Wouldn't that rob you of stealth capability?

LOL


----------



## SummonerCloud (Jul 21, 2006)

Don Roley said:
			
		

> There is a lot of crud out there disguised as real ninjutsu.


 
BINGO!thats what i mean...

ok everyone,ignore EVERYTHING I HAVE JUST SAID.though thanks for answerin my questions.

thats what i came up with.

and at teh ff forum i didnt ask much about ninjutsu itself.mainly things that could be applied....like detectional skills or rolls like i mentioned here.

blackadder,please,i prefer cold advice to dumb sarcasm...

i understand VERY well that i dont know everything.
i understand very wel lthat i am a beginner.
i am not bragging about anything,and when i said i am better than peeps who think they could fight i was implying your average "wannbe",not you guys.

btw,here is a shred of knowledge.
The shinobi primarily wore tabi,which were incredibly silent split toed boots,the split allowed for greater traction and greater ease in rope climbing among other things.
hah,i proved it.lol,really.
i am not as ignorant as i appeared,guess i was just pisssed because i told everyone at old forum id just get flamed on a true martial arts forum.the second i got advice(dojo listings)i started making connections.i did use it,but i did not thank.truly i have JUST noticed this...i mainly didnt because i was mad at a few peeps but took it out on you all...sorry,and thank you...i should have said so earlier.

thank you brother john for not looking down on me and being the only rep that gave me a plus...and thank you all who didnt neg rep.otherwise...meh.

one of the points i tried to state was that 99% of the "true ninjutsu" is BS that some moron makes up.today on tv i saw some gayt commercial with some guy in a shinobi shokuzu(which they never if barely ever wore,mainly considered created in teh noh theater as the "i am a ninja" tag.)runnin around chasin some guy makin "ya!" sounds...i hate how people defile the shinobi like that!that makes peeps laugh when you say you wanna practice ninjutsu.

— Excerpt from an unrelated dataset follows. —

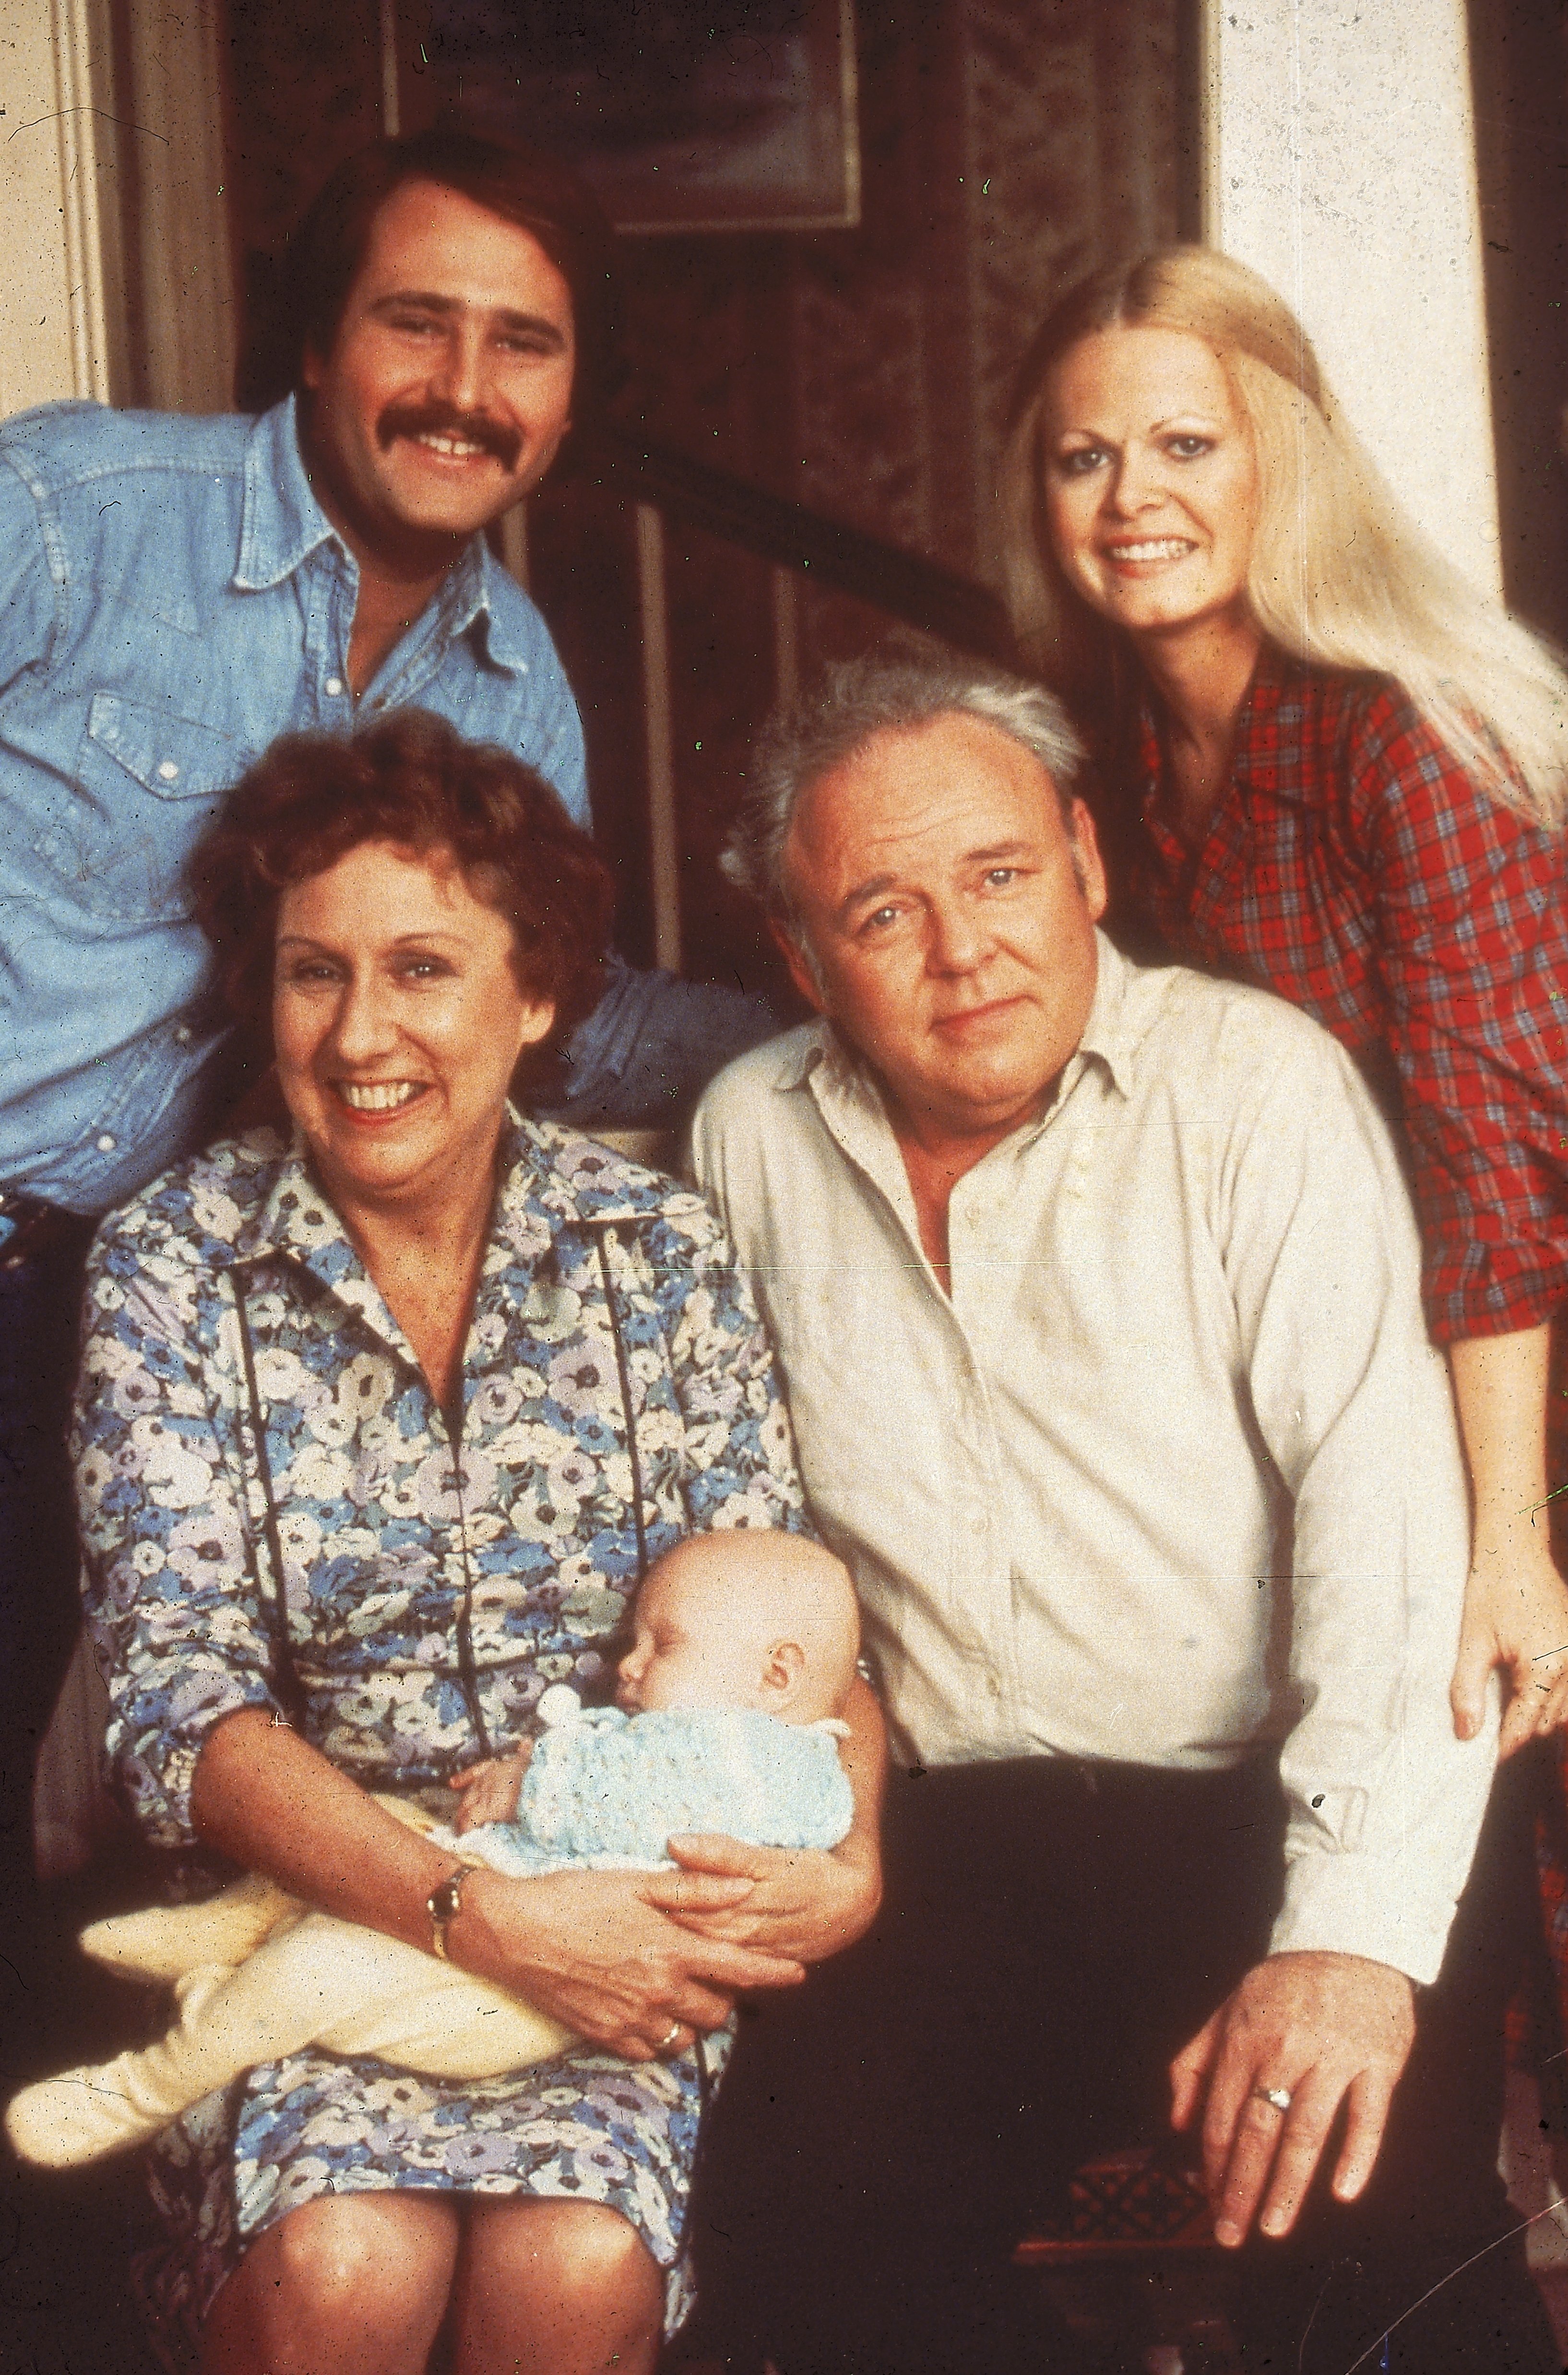 "All in the Family" cast: Carroll O'Connor, Jean Stapleton holding Corey M. Miller, Rob Reiner and Sally Struthers | Source: Getty Images

now,the stealth tactics of the shinobi may not be practitioned near as much today but i also want to learn those,just to fully learn what they were like so long ago,and to personally use it.i truly understand that i know barely anything in total,especially to you others.honestly though look at my FIRST post.did i look like i tried to start somthin
?i was askin somthin that may not have applied to ninjutsu entirely but you guys may be best suited to help in.

an about carryin mace or pep.spray...whats mace?someone in ff mentioned it when i was speaking of whips n flails...how strange.but my point is,what if you dont HAVE mace or spray?

i started out tryin to be nice an get my questions answered,knowing itd prolly turn out bad...then it "snowballed" and if you look back,some of my posts appear to be an attempt to halt that effect.i am sorry,and i well know i have a long way to go.as idfiotic as i seem,i am well capable of following a sensei/instructor,and i know they would know more than i.i am a person very capable of respect,but really people,look at this from my perspective.i started by asking questions and look how it added up...yes,i made mistakes.but truly,in the end i now know what to do to begin.i know much more than my words have led you people to believe.

also,yeah kyushojutsu might not affect drunks or peeps on drugs but certain technigues like a hammerfist to teh back of teh neck can knock out/paralyze.some kyusho effect people in ways besides pain.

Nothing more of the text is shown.